- 1-1/2 cups soft bread crumbs
- 1 cup half-and-half cream
- 1 egg, beaten
- 1/3 cup chopped onion
- 1/4 cup minced fresh parsley
- 1 teaspoon salt
- 1 teaspoon ground nutmeg
- 1/4 teaspoon ground ginger
- 1/2 pound each ground beef, veal and pork
- 3 tablespoons all-purpose flour
- 1 can (14-1/2 ounces) beef broth
- 1/2 cup hot brewed coffee
- Hot cooked egg noodles, optional
- In a large bowl, combine bread crumbs and cream; let stand for 5 minutes. Stir in the egg, onion, parsley, salt, nutmeg and ginger. Crumble meat over mixture and mix well.
- Shape into 1-in. balls. Place meatballs on a greased rack in a shallow baking pan. Bake, at 350° for 20-25 minutes or until no longer pink. Drain on paper towels.
- Transfer meatballs to a greased 11-in. x 7-in. baking dish. Scrape pan drippings into a small saucepan; stir in flour until blended. Gradually stir in broth and coffee. Bring to a boil; cook and stir for 2 minutes or until thickened. Pour over meatballs.
- Bake, uncovered, for 30-35 minutes or until bubbly. Serve with noodles if desired. Yield: 6 servings.
Reviews forBest Swedish Meatballs
"This recipe is savory and delicious.

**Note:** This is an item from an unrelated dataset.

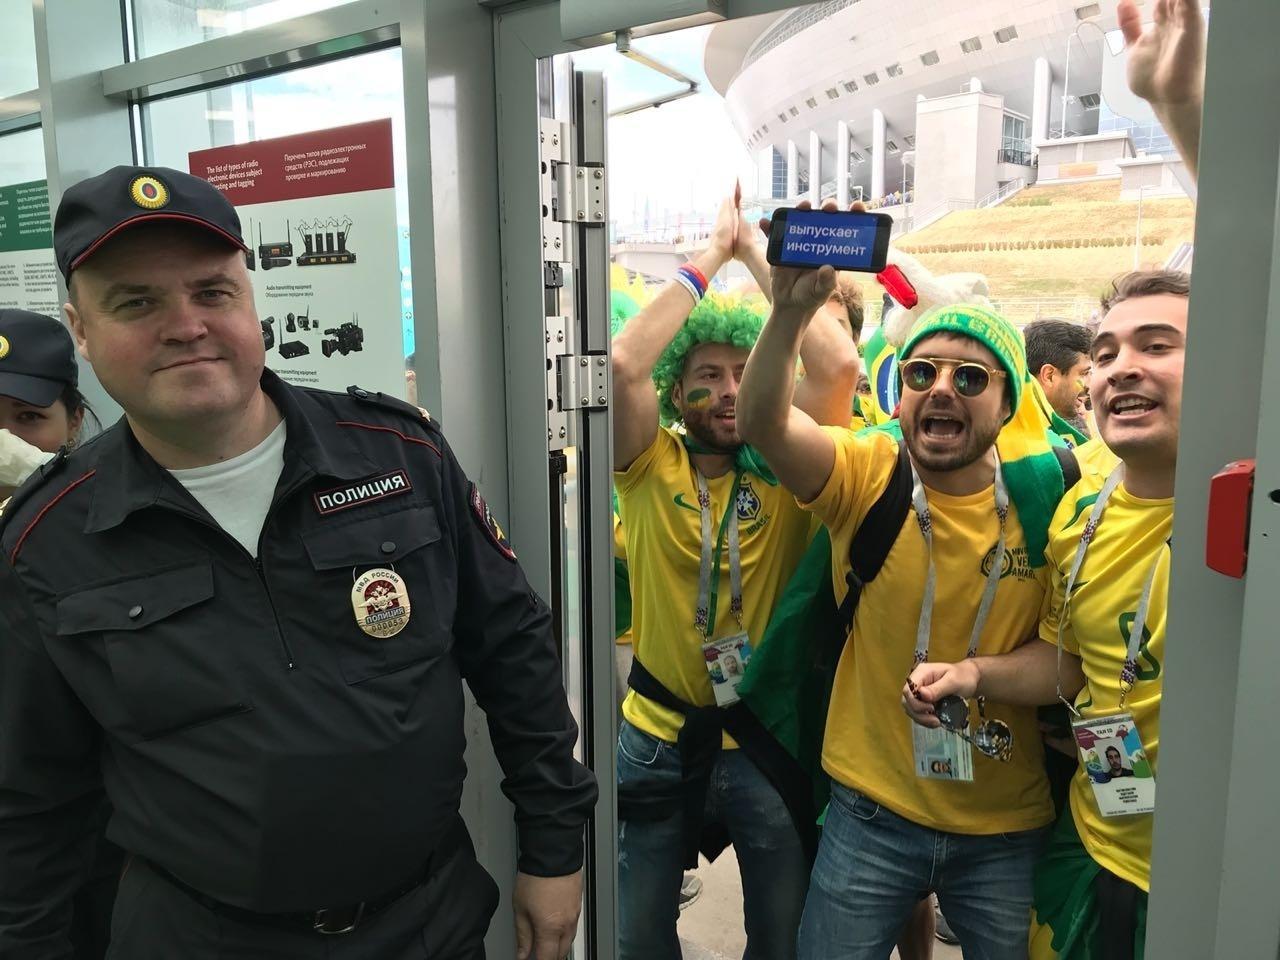 Torcedores brasileiros encontram dificuldade para entrar no estádio em São Petersburgo

I made this for the TOH ingredient challenge for coffee. The coffee makes the gravy a medium brown color and imparts a great depth of flavor...no, not coffee. I suggest as GoldieBell48 did that extra gravy is welcome. I served it with rice the first night and with mushroom mashed potatoes the second night. Thanks for your recipe."
"These meatballs are our family favorite. I make extra gravy in case there are leftovers. We love the delicate spicing. Winter comfort food at it's best!"
"I made them last night for a pot luck and they were a big hit. The recipe I was familiar with used coffee to add flavor to the gravy. This recipe is very similar to the one I used to use. It is delicious. Thanks for sharing!"